═════ Dataset entries ═════

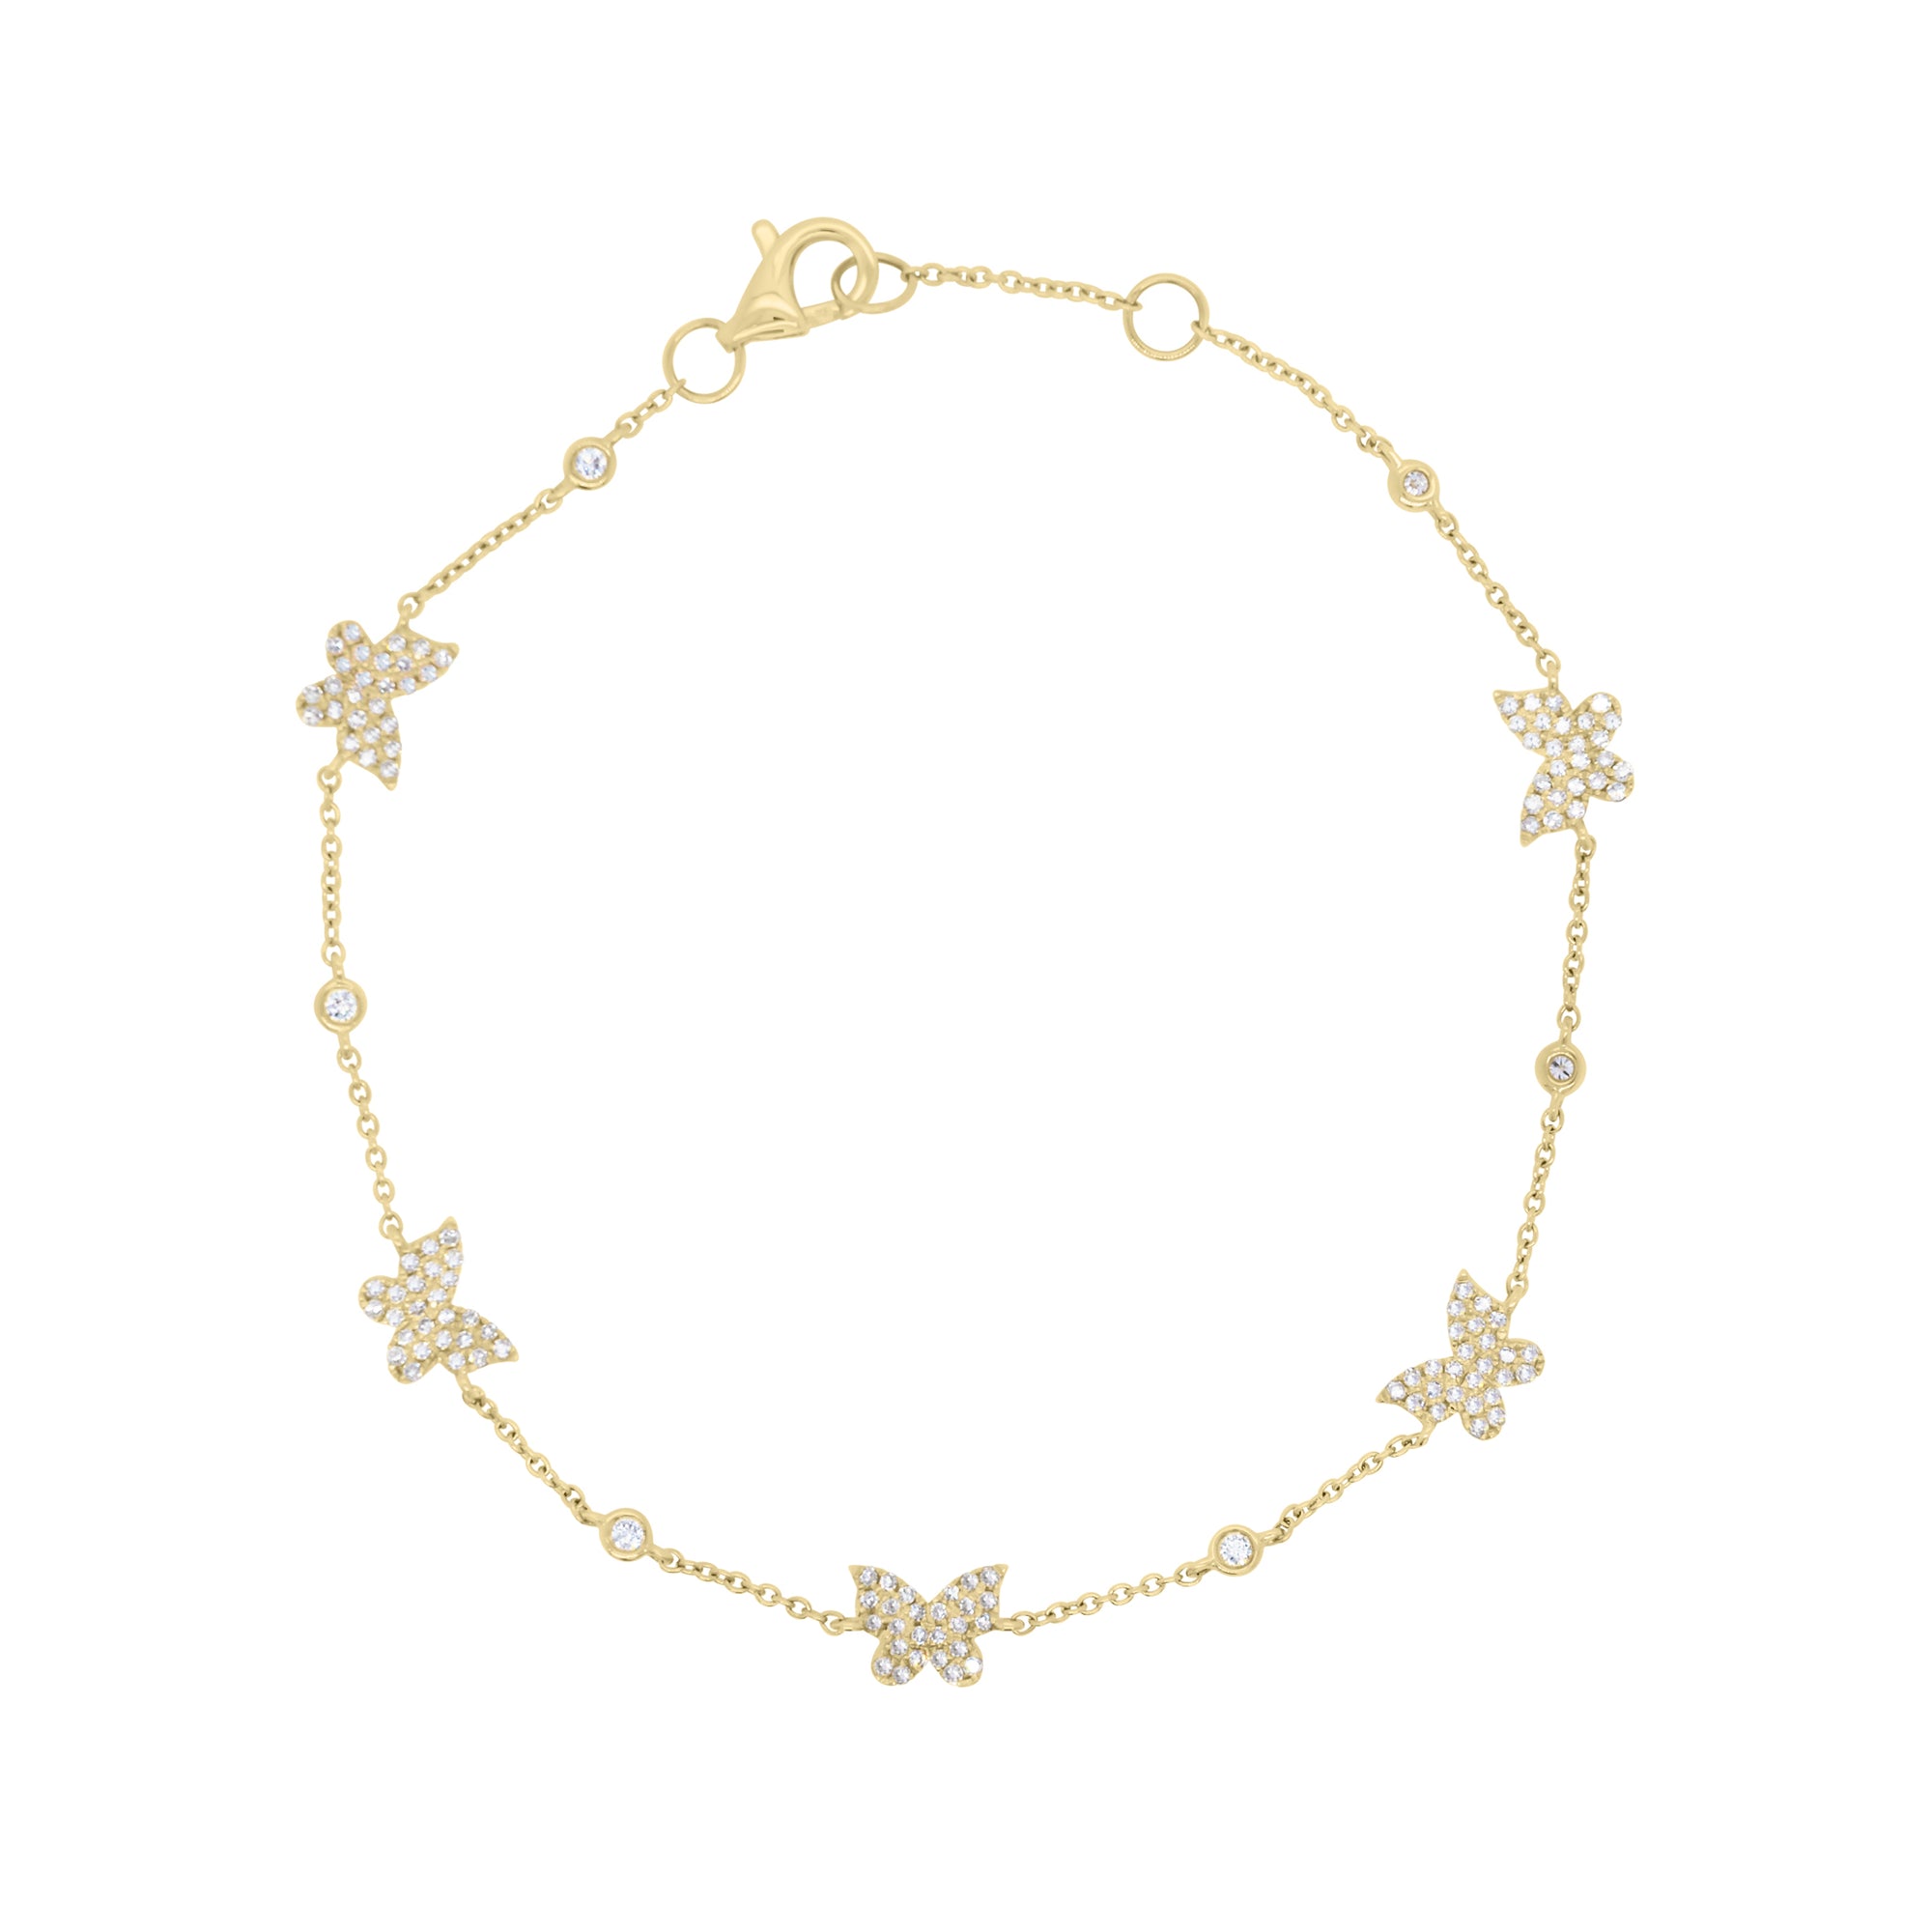 Diamond Butterflies Cable Chain Bracelet - 14K gold weighing 2.02 grams  - 136 round diamonds weighing 0.42 carats
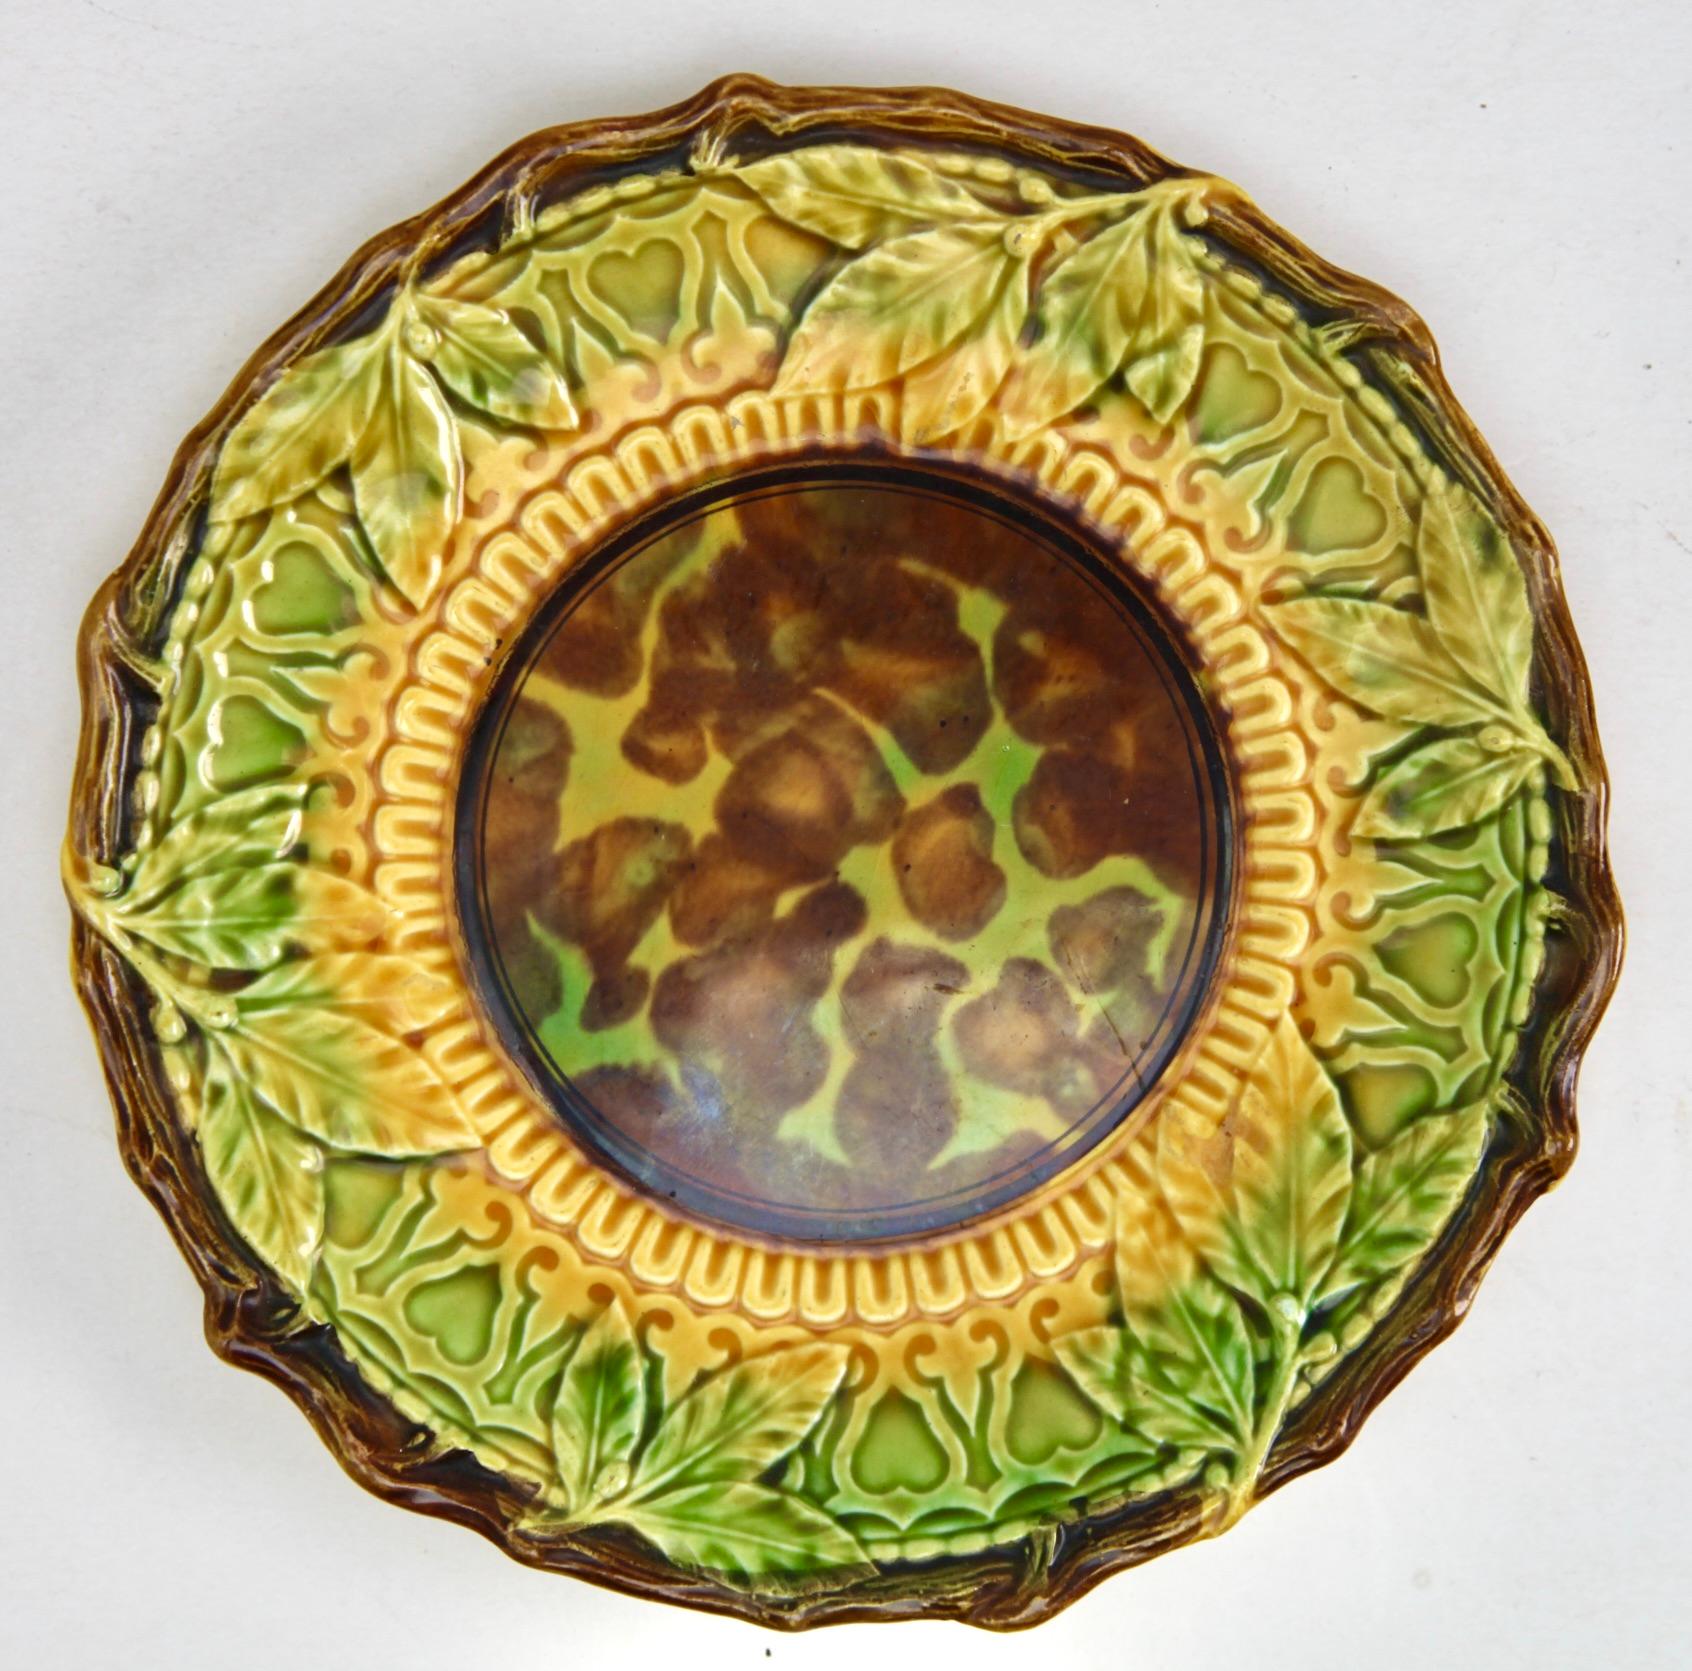 Art Nouveau Majolica glazed tableware set of 9 pieces Leaves pattern in relief.

Sarreguemines Majolica is a type of earthenware, decorated with colored lead glazes. 
Victorian Majolica was made between 1849 and 1900.

Measure: 9 plates diameter

═════

The answer must consist of the entries above, reproduced word for word, without any pictures.

Completed exercise ->
 Diamond Butterflies Cable Chain Bracelet - 14K gold weighing 2.02 grams  - 136 round diamonds weighing 0.42 carats
 Art Nouveau Majolica glazed tableware set of 9 pieces Leaves pattern in relief.

Sarreguemines Majolica is a type of earthenware, decorated with colored lead glazes. 
Victorian Majolica was made between 1849 and 1900.

Measure: 9 plates diameter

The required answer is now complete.